I am an avid Swift user (starting pre-1.0) and I work on and with high-performance low-level and algorithmic Swift code on a weekly, if not daily, basis. Predictable performance, including regarding providing hints to the compiler for ARC optimisations is an extremely valuable prospect to me. And yet I can’t think of any cases where this proposal would benefit the work my colleagues or I am doing.

I don’t know if this is an issue with the description of the problem being solved here, whether it somehow just doesn’t affect me, or if I’m still just “not getting it”, but overall I’m still not in favour of adding this to the language. Maybe this proposal is just not the best place to start - maybe this only really makes sense in tandem with a few other features I’m not yet familiar with. But from my current perspective it’s a -1 from me.

edit: I kind of feel like this feature will be introduced anyway. In which case I am also more for the take spelling

——

Another edit: after sleeping on this I realised I’d feel far more comfortable with this as a language feature if it was only allowed when calling a function (doSomethingConsuming(myParam: take y)), as a parallel to useInout(myParam: &y).
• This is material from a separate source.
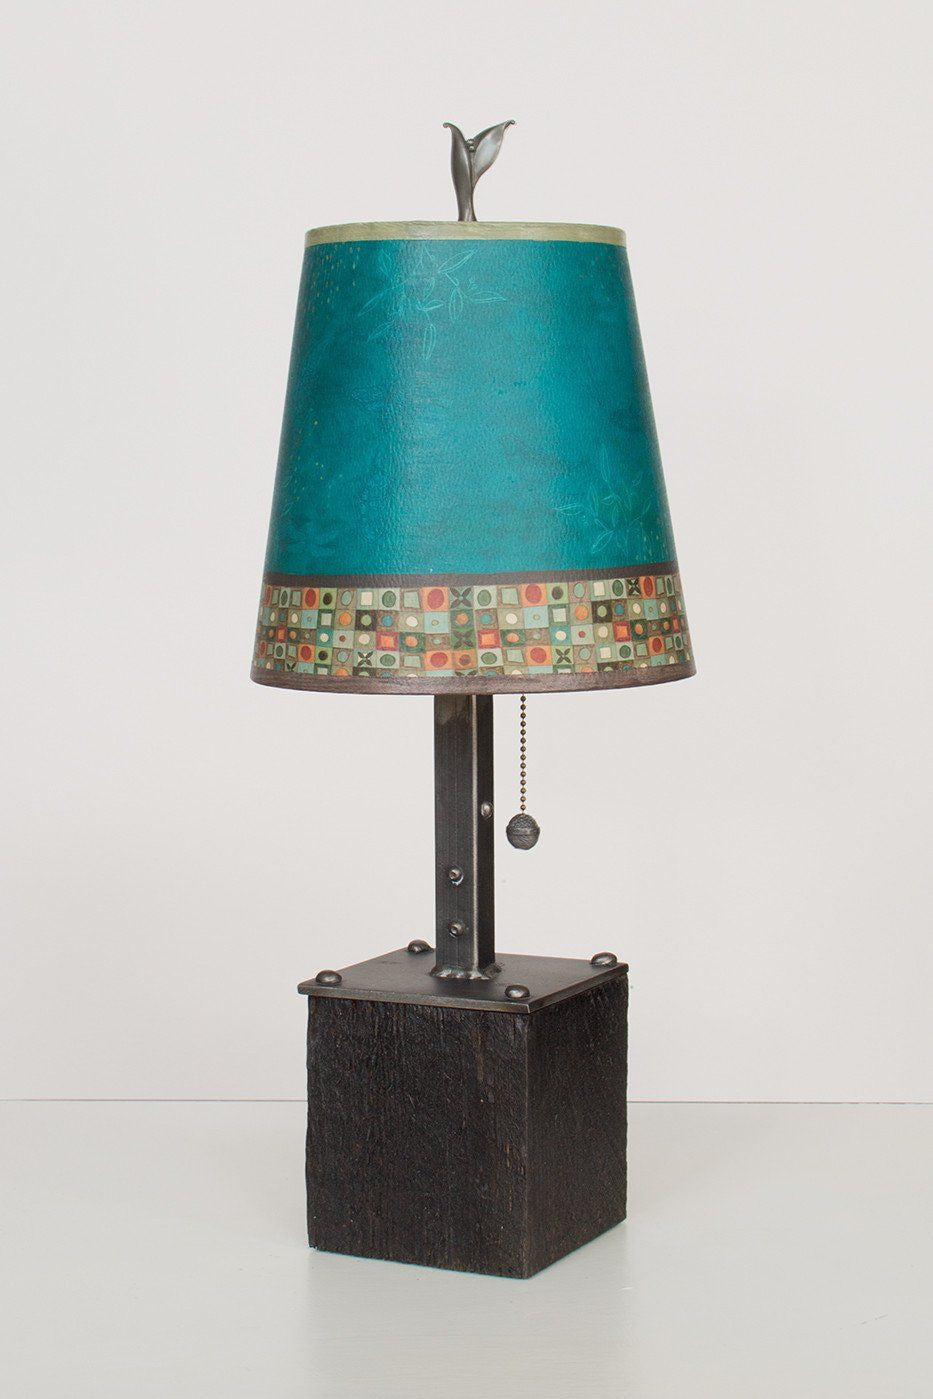 Janna Ugone &amp; Co Table Lamps Steel Table Lamp on Reclaimed Wood with Small Drum Shade in Jade Mosaic

There are numerous examples in the proposals along the lines of let x = move y that make little sense to me - what’s the advantage in ending one lifetime and simultaneously beginning an equivalent one? Is this really something we expect people to do?

In short: I would be +1 on a proposal that proposed only a way to spell out the fact that a function is consuming its argument: without the move re-binding, which seems uncompelling to me, and without the drop x semantics, which IMHO complicates intuition about the lifetime of variables within a given scope for unclear benefit.

But, since we don’t having “consuming” functions yet, this proposal still seems premature to me without others being made in tandem.

Can move also extend the lifetime of a binding rather than limit it? I'd assume that if there's a _ = move y at some point in a function, y would be strongly referenced until it gets to that point, but there's also an alternate interpretation where an "unnecessarily" far-out move-out is preempted by the optimizer and the object is still released early.

Currently, you can extend the lifetime of an object using withExtendedLifetime, but it feels clumsy to me.

This is the kind of thing that leads to us being unable to evolve the language because proposals are either unreviewably large or contain questions that can’t be fully resolved until later.

If other features in the roadmap will introduce keywords that should match or contrast this one, the authors should do their best to select all of those keywords now, even if this proposal only adds one of them. They can even describe how the keyword in this proposal is intended to fit into the bigger picture. Even in the worst case where they later decide they made a bad choice, they can still change this feature’s keyword in a future proposal—possibly without even giving the old one a deprecation cycle if they’re quick enough.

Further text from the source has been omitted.